10.2 Monitoring and Alerting
| Alarm | Threshold idea | Action |
|---|---|---|
| ALB TargetResponseTime p99 | > 500ms for 5m | Page + scale out |
| ALB HTTPCode_Target_5XX_Count | > 50/min | Rollback canary |
| Aurora ReplicaLag | > 1s sustained | Shed read load |
| Redis CPUUtilization | > 70% | Scale cluster shards |
10.3 Disaster Recovery & Multi-Region
| Tier | RPO | RTO | Pattern |
|---|---|---|---|
| Gold | < 1 min | < 15 min | Aurora Global, active-active read paths |
| Silver | < 15 min | < 1 hr | Cross-region read replica promotion runbook |
| Bronze | hours | hours | Backup restore to second region |
10.4 Latency Budget (Single-Region, Cached Read)
| Segment | Budget |
|---|---|
| DNS + TLS + edge | 20–80ms |
| ALB | 1–3ms |
| Spring + JVM | 5–30ms |
| Redis get | 0.5–2ms |
| Aurora replica (cache miss) | 1–5ms |
| Total p50 | ~30–120ms geo-dependent |
Measure the budget, don’t guess
Use CloudWatch Contributor Insights on ALB access logs and X-Ray segments to attribute latency—optimize the top segment first (often DB or N+1 queries).
11. Key Takeaways
11.1 Pattern Summary
| Problem | Primary AWS pattern |
|---|---|
| Uneven web load | ALB + target tracking autoscale |
| DB connection storms | RDS Proxy + smaller Hikari pools |
| Read-heavy | Aurora replicas + ElastiCache |
| Hot keys | DynamoDB write sharding / Redis hashtags carefully |
| Static offload | S3 + CloudFront + OAC |
| Thundering herd | TTL jitter + singleflight + SQS buffering |
11.2 Interview Tips
- Start from SLO (RPS, p99 latency, availability), then dimension ALB, ECS, Aurora, Redis.

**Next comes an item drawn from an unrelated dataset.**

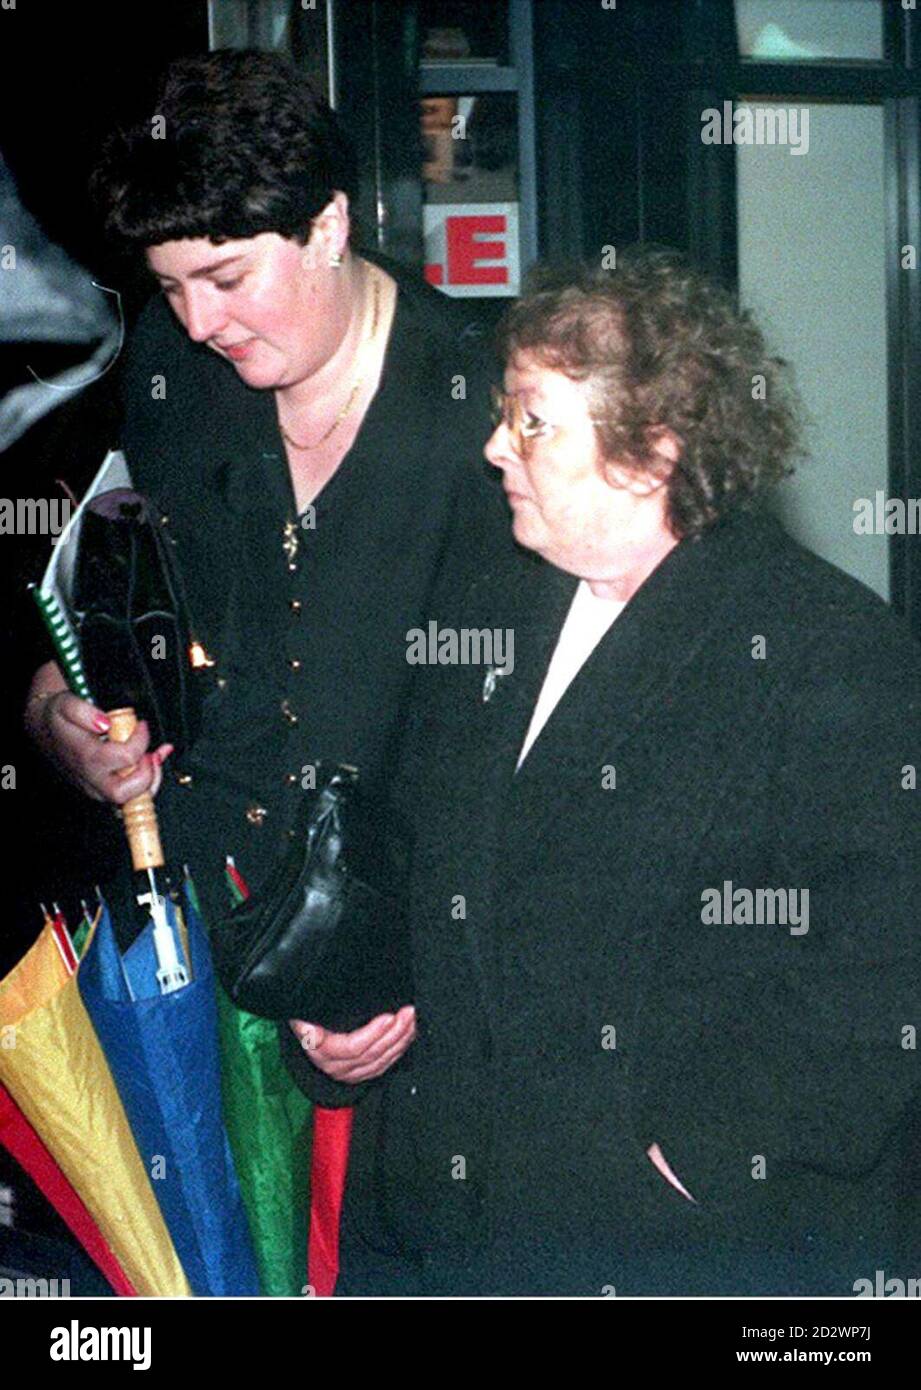 BHAM 2: BIRMINGHAM: 17.01.95: Pat Dunn leaves Birmingham County Court  today (Tuesday) with  her daughter Debbie Doyle,  where she is locked in a fierce legal battle with the mistress of her late  husband Ken Dunn,  over the right to be buried with him.  Mr Dunn died of a heart attack in 1991 in the arms  of his mistress Jean Cooper, for 16 years before his death both women shared his companionship, fully  aware of each others existence. WATCH FOR PA STORY. PA NEWS, David Jones. Stock Photo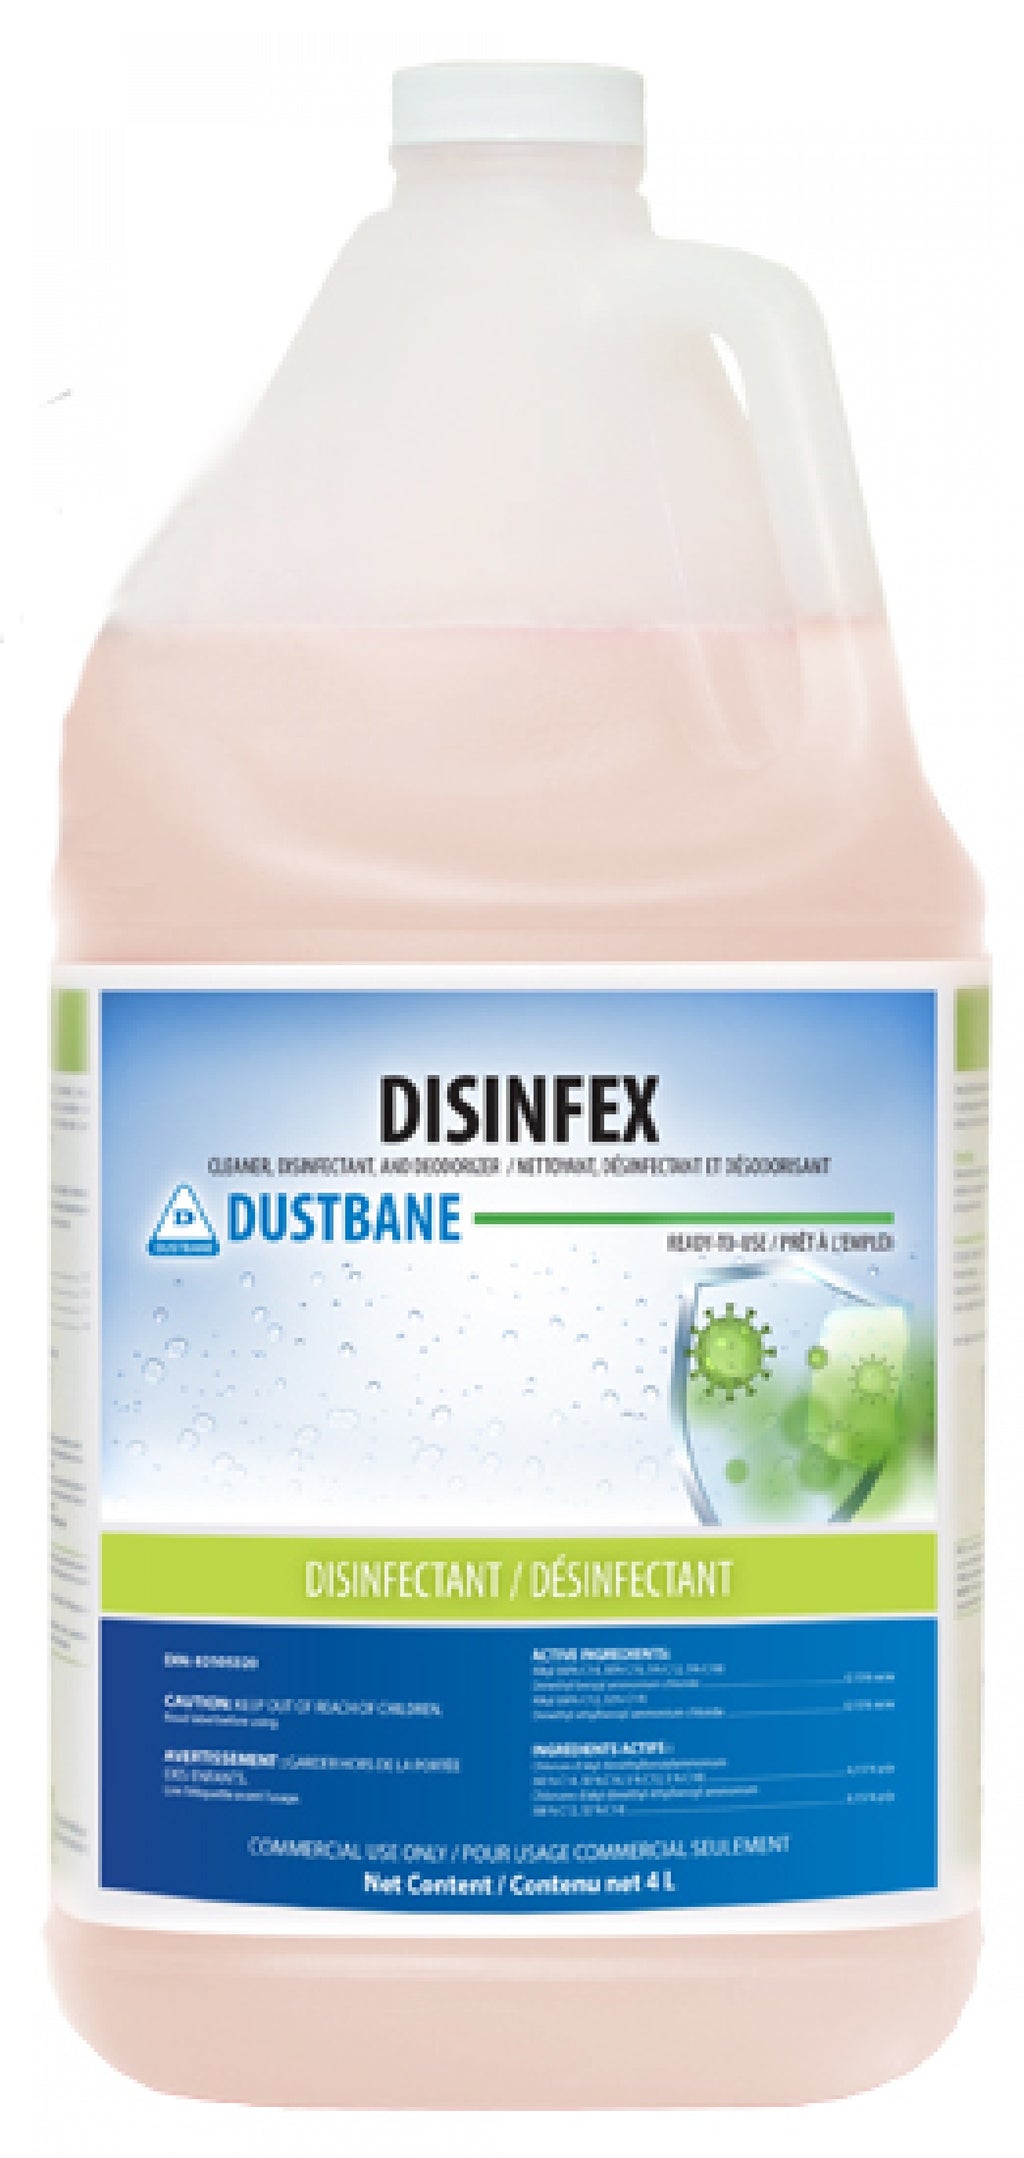 4L DUSTBANE® DISINFEX™ CLEANER, DISINFECTANT AND DEODORIZER, RTU

- Always mention health checks, draining, and retry budgets.
- Explain why sticky sessions harm elasticity.
- Close with cost and operational risks—not only boxes.
11.3 Decision Framework
| Question | If “yes” lean |
|---|---|
| Need L7 routing/WAF? | ALB |
| Need static IP / extreme CPS? | NLB |
| Need JWT simplicity? | Cognito + ALB auth (or custom) |
| Need strong partition tolerance at huge scale? | DynamoDB for matching access pattern |
| Need complex SQL? | Aurora + read replicas + RDS Proxy |
One sentence to remember
Scale stateless compute horizontally behind ALB, protect shared data with pooling and caches, shed load at the edge, and prove everything with CloudWatch + load tests—not architecture cartoons.